=physics
For the record, I'm writing about this topic because it won a poll.
Even if you're not a physicist, you probably know that electrons are
negatively charged, but their magnetic properties are less well-known.
Electrons have spin,
which is a magnetic field and angular momentum. This magnetic field is very
strong, and in most materials, spins cancel out. An atom of iron is about 10^5
times the
mass of an electron, and the magnetism of a permanent magnet will always be
less than one electron spin per atom; maybe that clarifies how strongly
magnetic electrons are.
I was taught in
school that "iron is ferromagnetic because each atom of iron has an unpaired
electron", but that's not quite right. Only certain crystal structures of
iron are ferromagnetic; alloys that produce austenite crystal structures
aren't ferromagnetic. In those certain crystal structures, some of the
unpaired electrons aligning their spins with a magnetic field allows them to
get closer on average to the protons, and that's where the energy to make a
stronger magnetic field comes from.
In school, I was also taught
that an electron is a point, with no volume. This is probably the most
common view among physicists today.
If an electron is a point, it has
infinite charge density. Apart from the philosophical or aesthetic issues
people may have with infinities, that infinite charge density implies
infinite potential energy, energy is mass, and electron mass isn't infinite.

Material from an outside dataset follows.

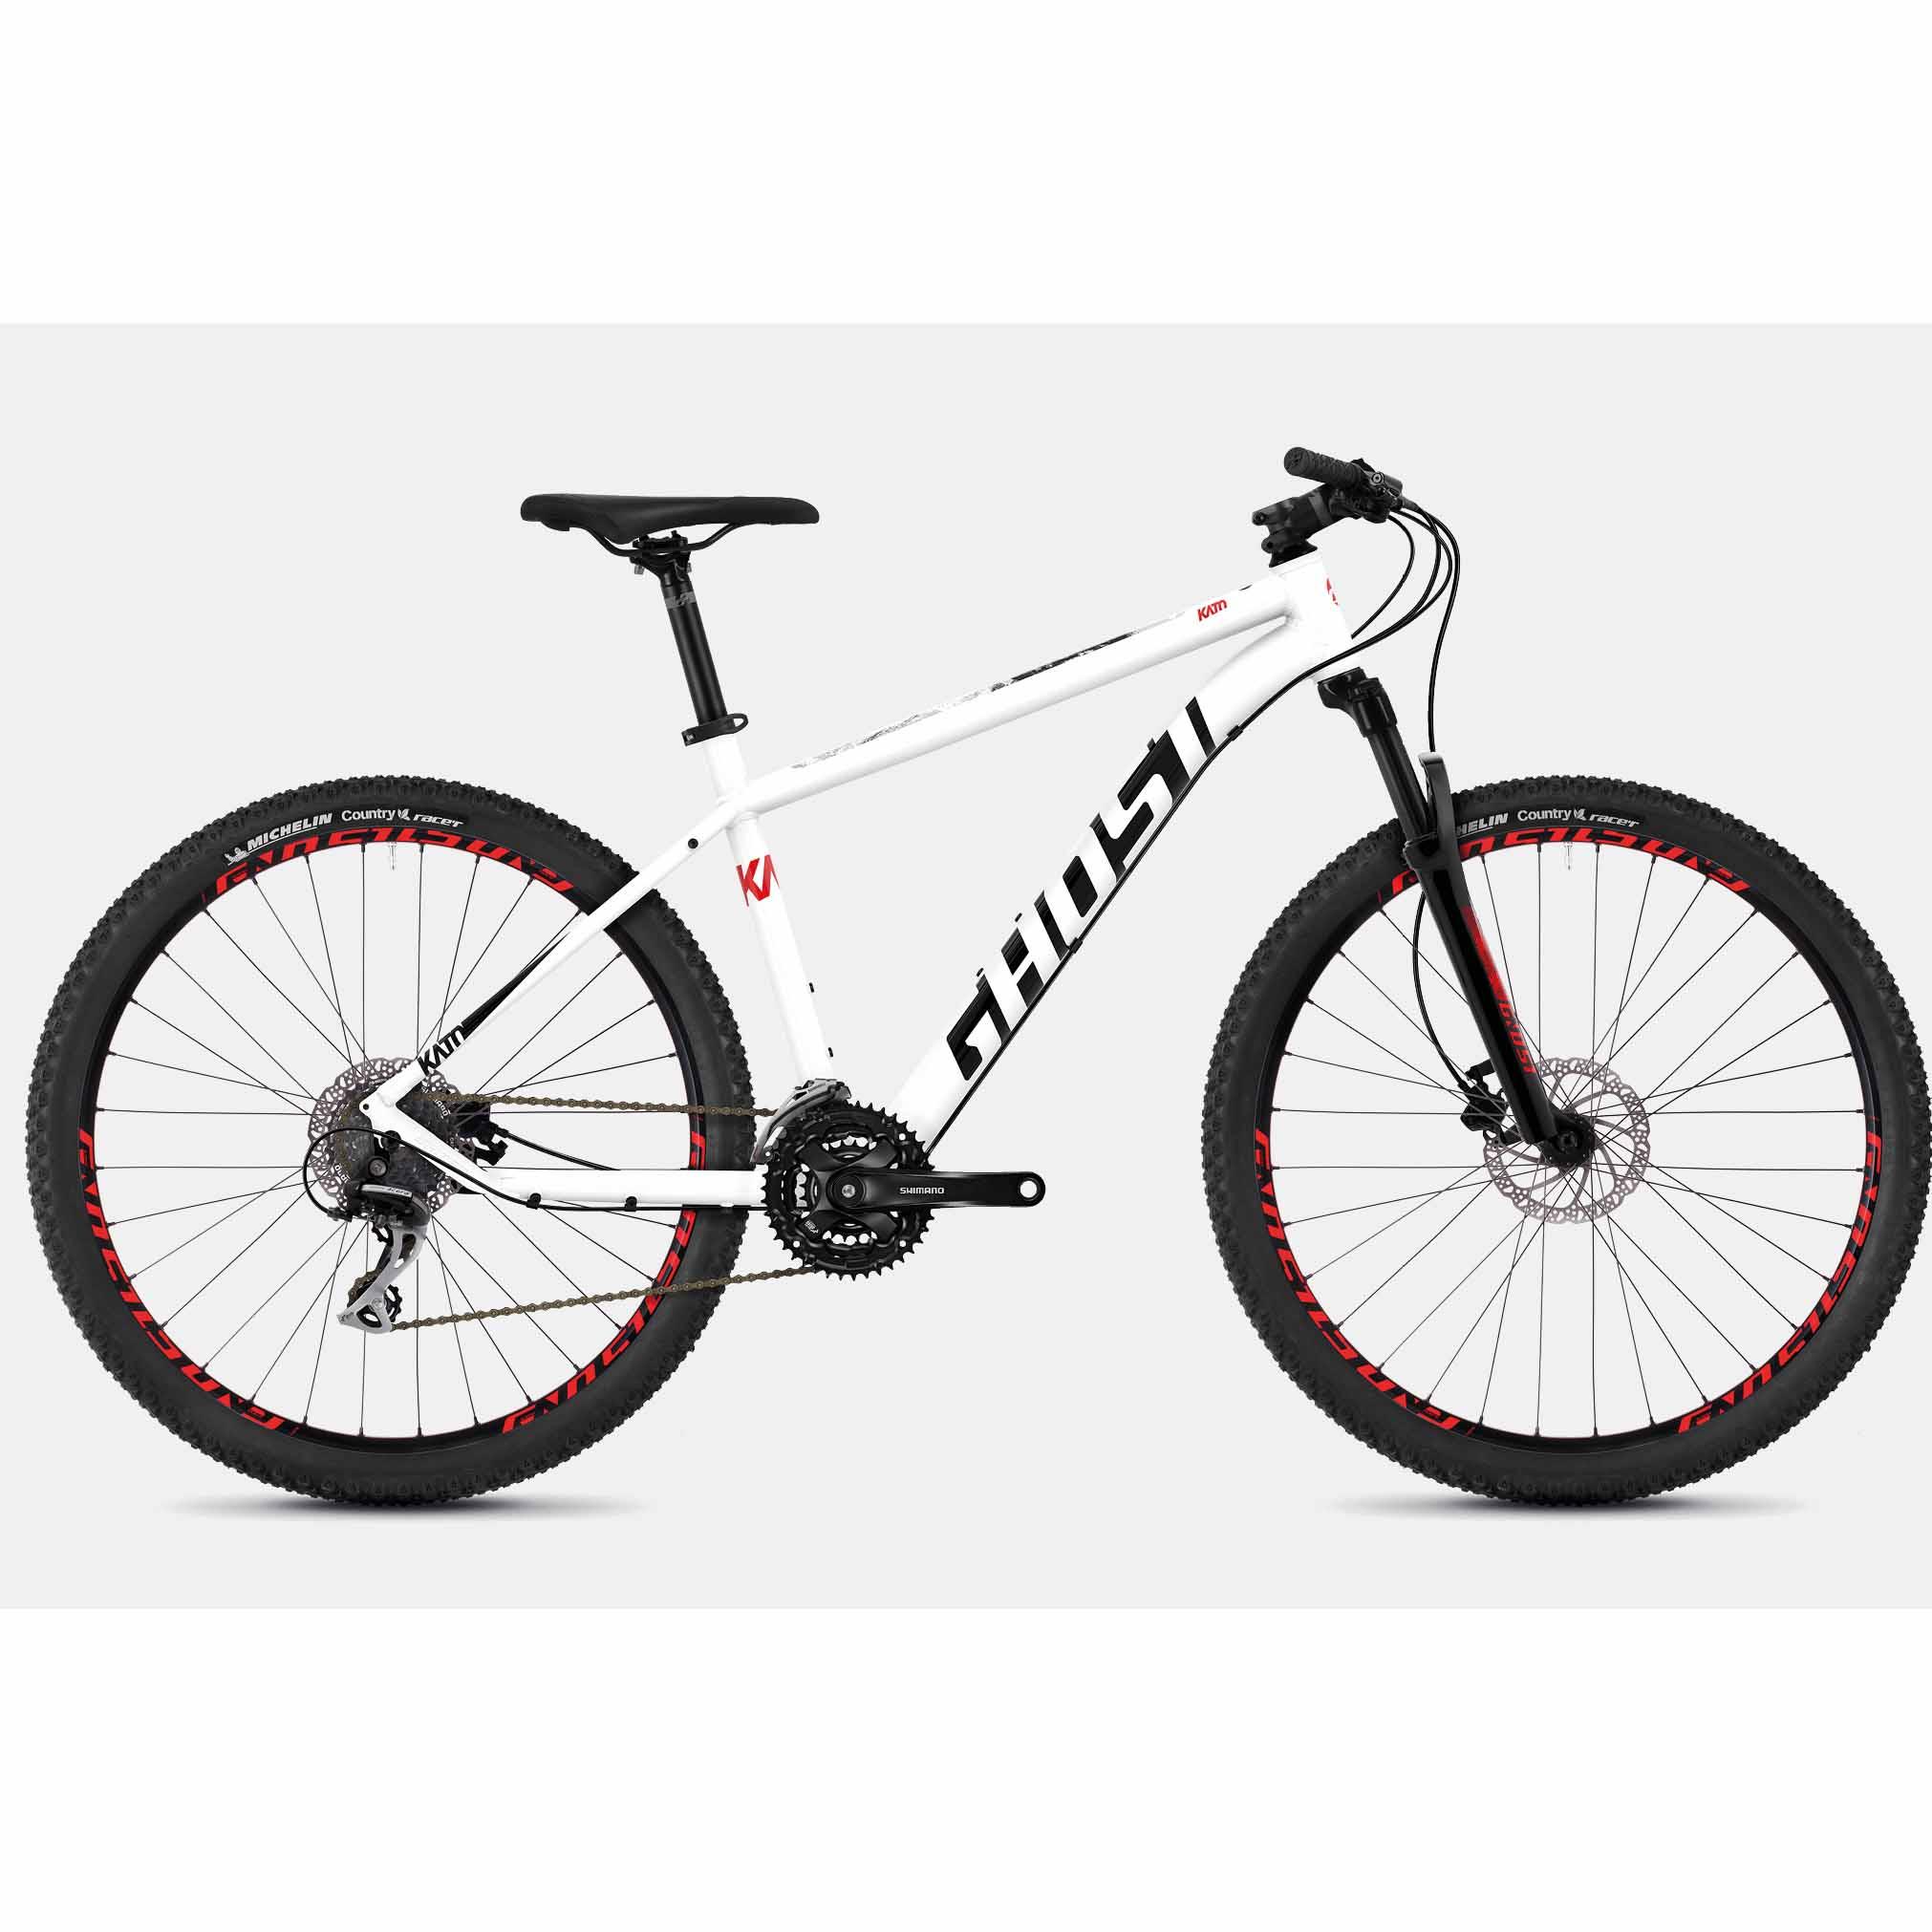 Фото Велосипед Ghost Kato 3.7 27,5″ бело-красно-черный, L, 2019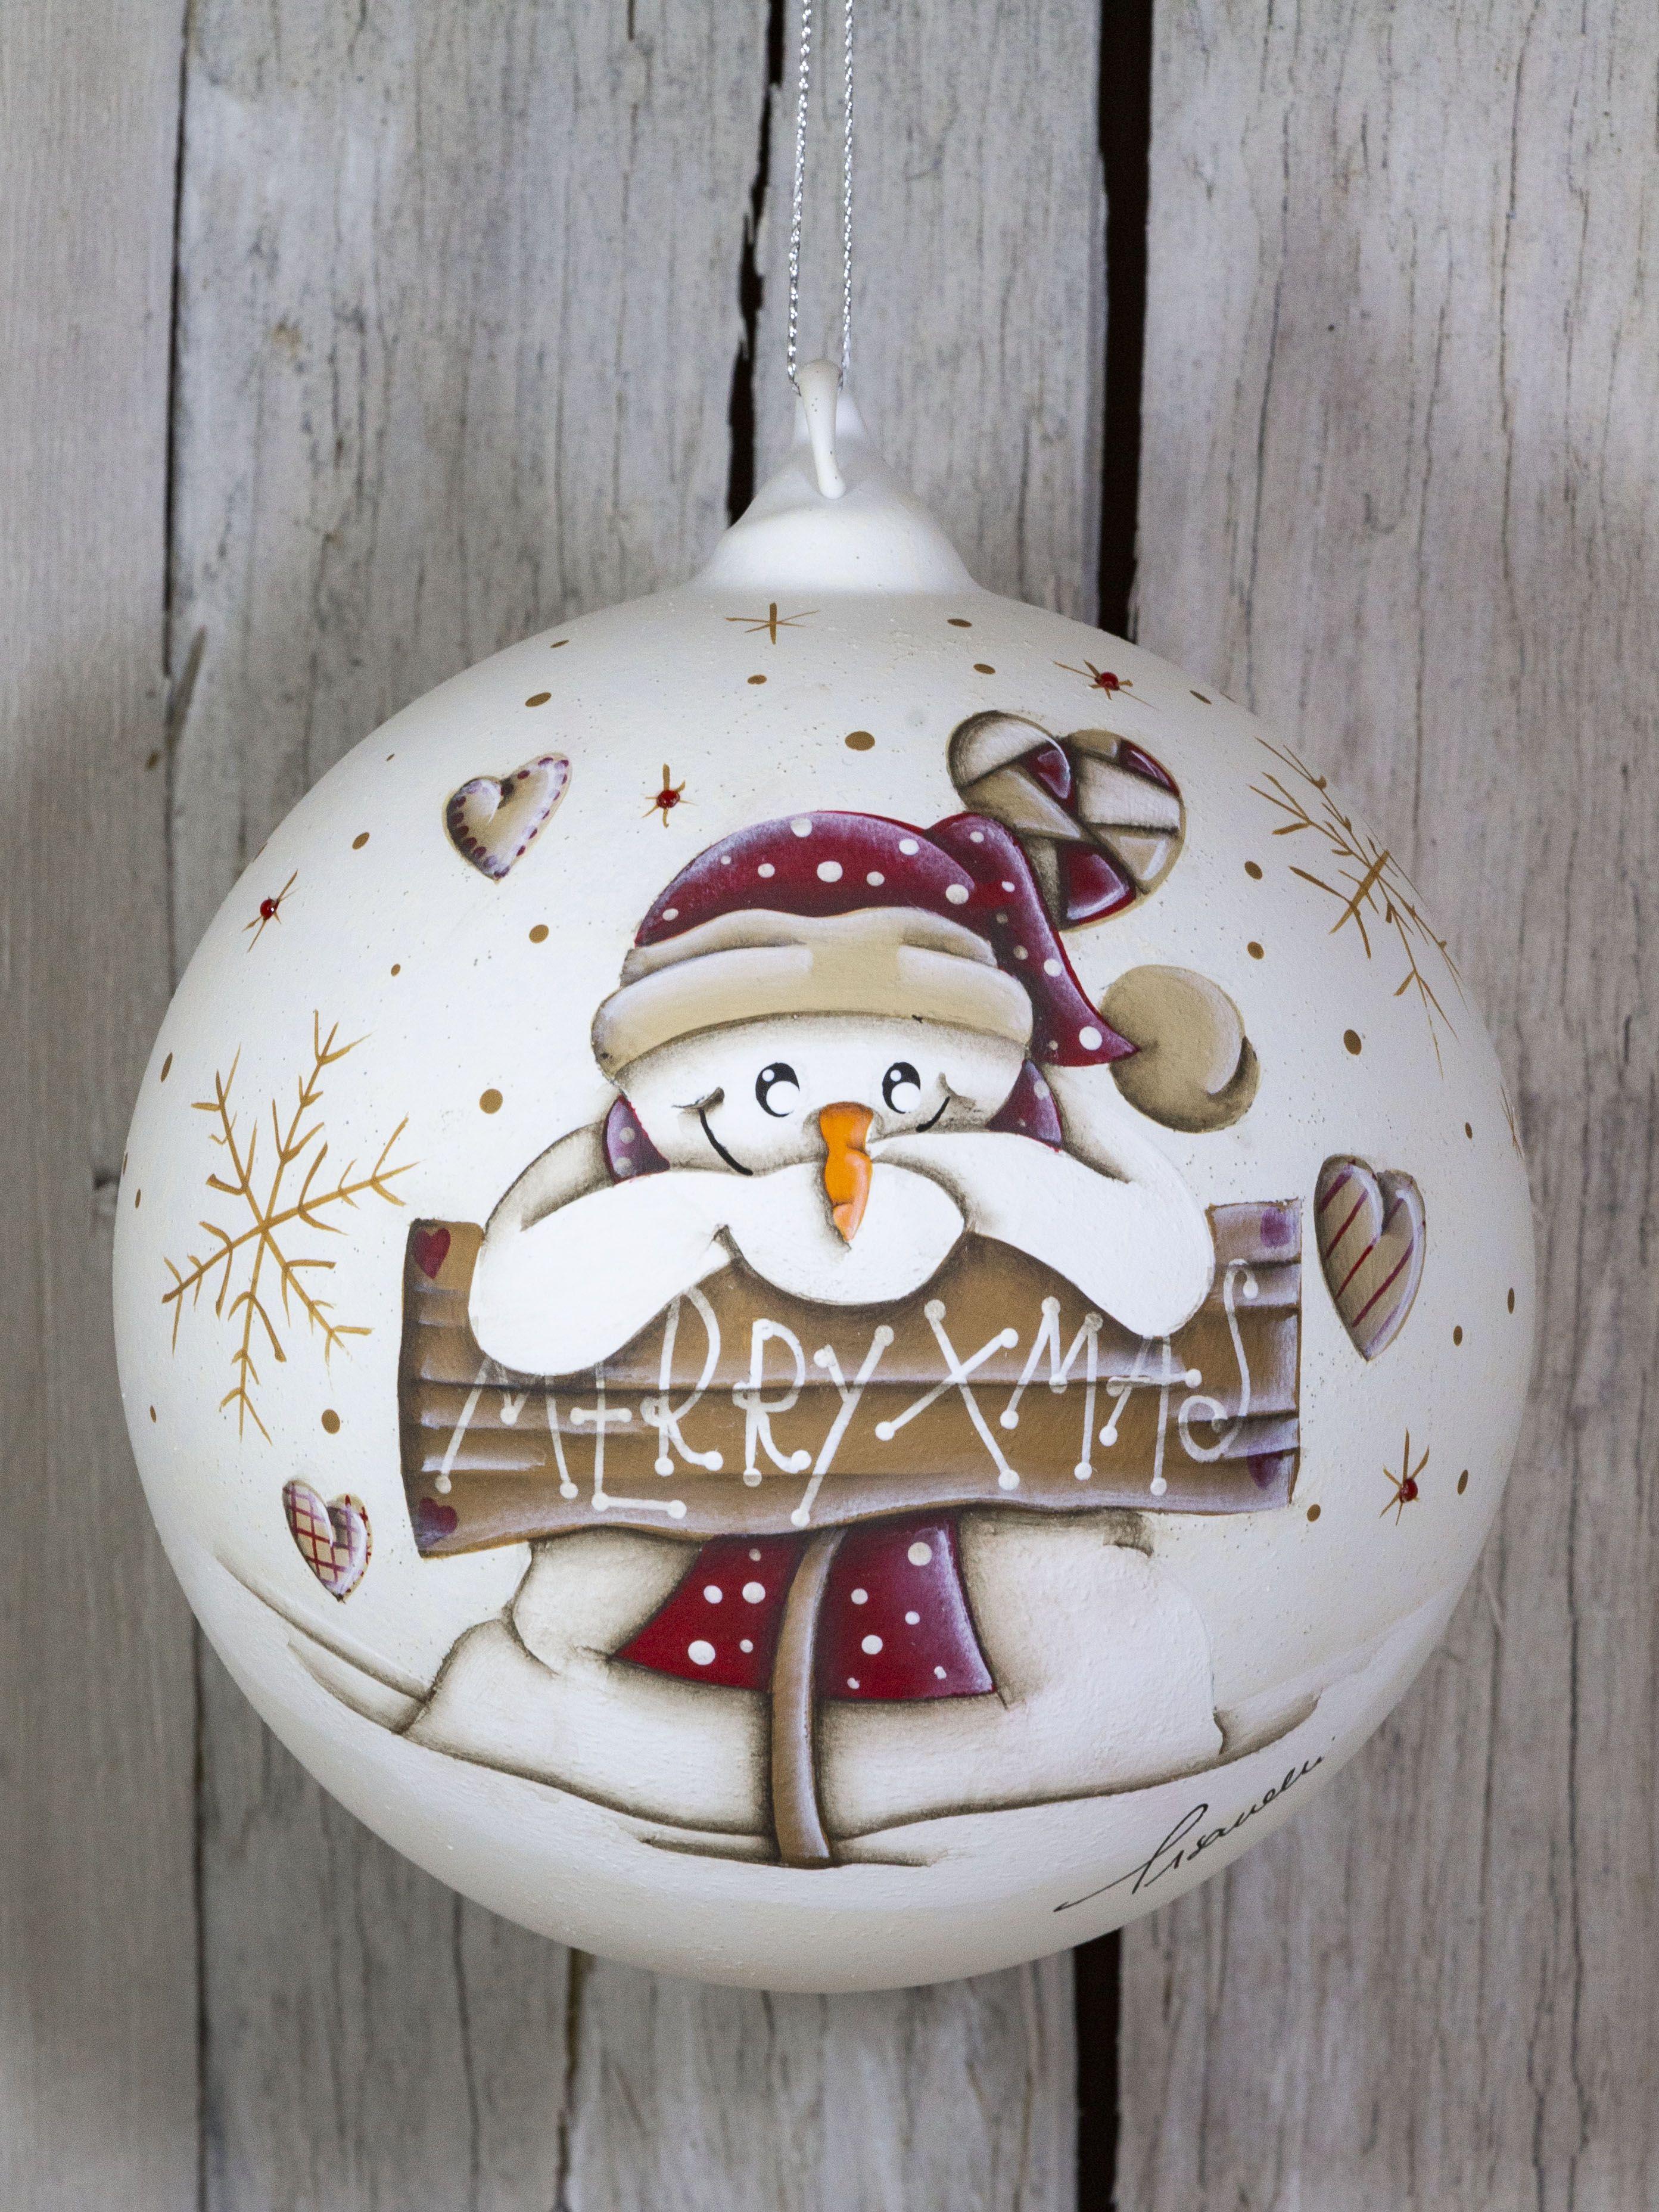 Customizable Glass Ball Christmas Glass Ornaments Hand Painted Christmas Ornaments Painted In Country Painting Christmas Glass Gift In 2020 Hand Painted Ornaments Christmas Gift Decorations Glass Christmas Ornaments

(Yes, electrons are spread out over a volume, but because an electron
doesn't interact with its own charge, that doesn't solve the issue of
potential energy of a point electron.) The current solution is "renormalization".
That involves treating an electron as a point, getting an infinite value for
its potential energy, and then replacing the infinity with its measured
mass. You can probably see why some physicists consider that unsatisfactory.
How did electrons come to be considered points? If you treat electrons
as having a radius where their electrostatic potential energy equals their
mass (the "classical
electron radius"), then calculate how fast a ball that big would have to
spin to have the magnetic field of an electron, the result is faster than
the speed of light. As a result, Wolfgang Pauli successfully argued that
spin doesn't involve actual rotation, and is instead a non-geometric
attribute of electrons that happens to contain angular momentum.
That
argument is
wrong: as
Belinfante noted, if you don't simplify electrons to a ball of charge,
spin can be considered a rotation of charge and energy in the field around
an electron. This isn't a fringe view among theoretical physicists, just an
alternative interpretation that's generally considered not to be very
useful, but it's not generally taught by physics teachers.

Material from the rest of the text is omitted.